Diabetic macular edema (DME) is a common cause of vision loss in people with diabetes.1 Because the inflammatory response in DME is complex, a therapy that targets more than one part of the inflammatory process could potentially provide a clinical advantage. By affecting multiple pathways, such a compound may be able to break the cycle of disease progression, whereas therapies that target only one inflammatory mediator may not.

Corticosteroids have great potential in this regard because they target both arms of the pathogenetic process, inhibiting the inflammatory mediators that affect vascular permeability and the blood-retinal barrier and also inhibiting vascular endothelial growth factor (VEGF). The rationale for treatment of DME with steroids includes their antiinflammatory, antiapoptotic, antiedematous, and antiangiogenic properties.

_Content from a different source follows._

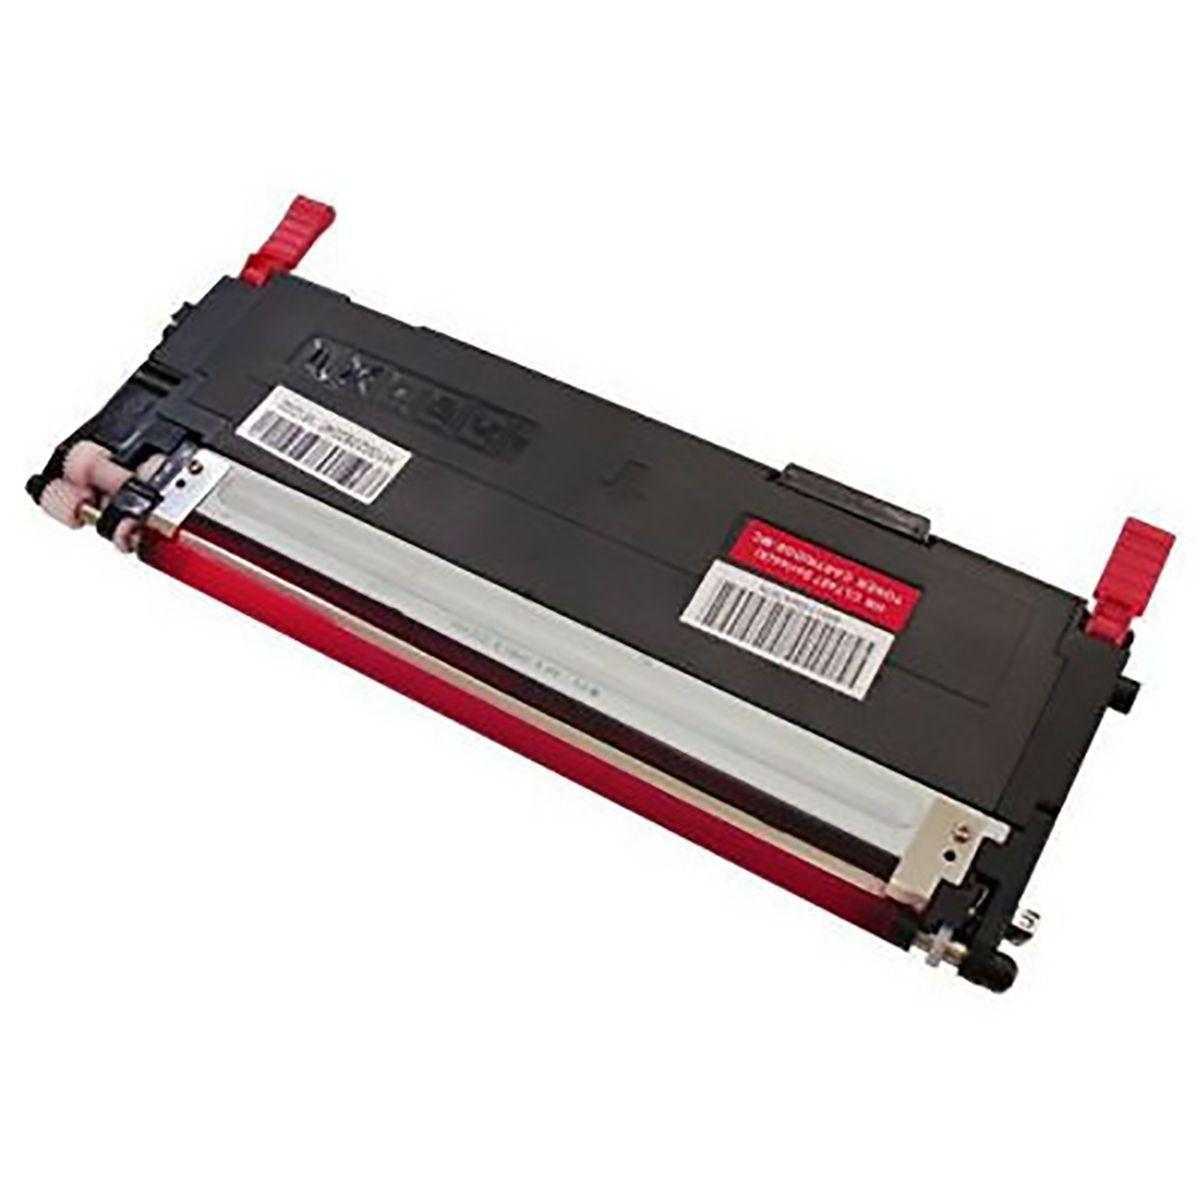 Compatível: Toner CLT-407S M407 para Samsung CLX-3185fw CLX-3185n CLX-3185fn 3185 CLP325 CLP320 / Magenta / 1.000

There are many types of steroids and methods of steroid delivery, and this leaves many open questions regarding their use in the treatment of DME, including identifying the best dosages and formulation, choosing the optimum method of delivery for each drug, and minimizing side effects. This article reviews results with a number of steroid formulations that have been or are being evaluated for use in DME.

INTRAVITREAL TRIAMCINOLONE

The Diabetic Retinopathy Clinical Research Network has investigated the use of intravitreal injection of triamcinolone acetonide (IVTA) for treatment of DME in two randomized clinical trials.

Protocol B 2,3 compared two doses of IVTA, 1 mg and 4 mg, to focal/grid laser photocoagulation using a modified ETDRS protocol. The results showed that after 36 months there was a clear benefit for laser alone over IVTA. In addition, the steroid groups experienced more side effects, including elevated intraocular pressure (IOP), which was sometimes profound, and development of cataract. In eyes that were phakic at baseline, 83% of patients in the 4 mg steroid group required cataract surgery over 3 years' follow-up.

Protocol I of the DRCR.net subsequently compared IVTA, ranibizumab, and laser alone.4,5 Patients were randomly assigned to one of four groups: sham injection plus prompt laser, ranibizumab 0.5 mg plus prompt laser, ranibizumab 0.5 mg plus deferred laser, and IVTA 4 mg plus prompt laser. In this trial, ranibizumab with either prompt or deferred laser was more effective through at least the primary outcome point of 1 year, compared with the two other groups.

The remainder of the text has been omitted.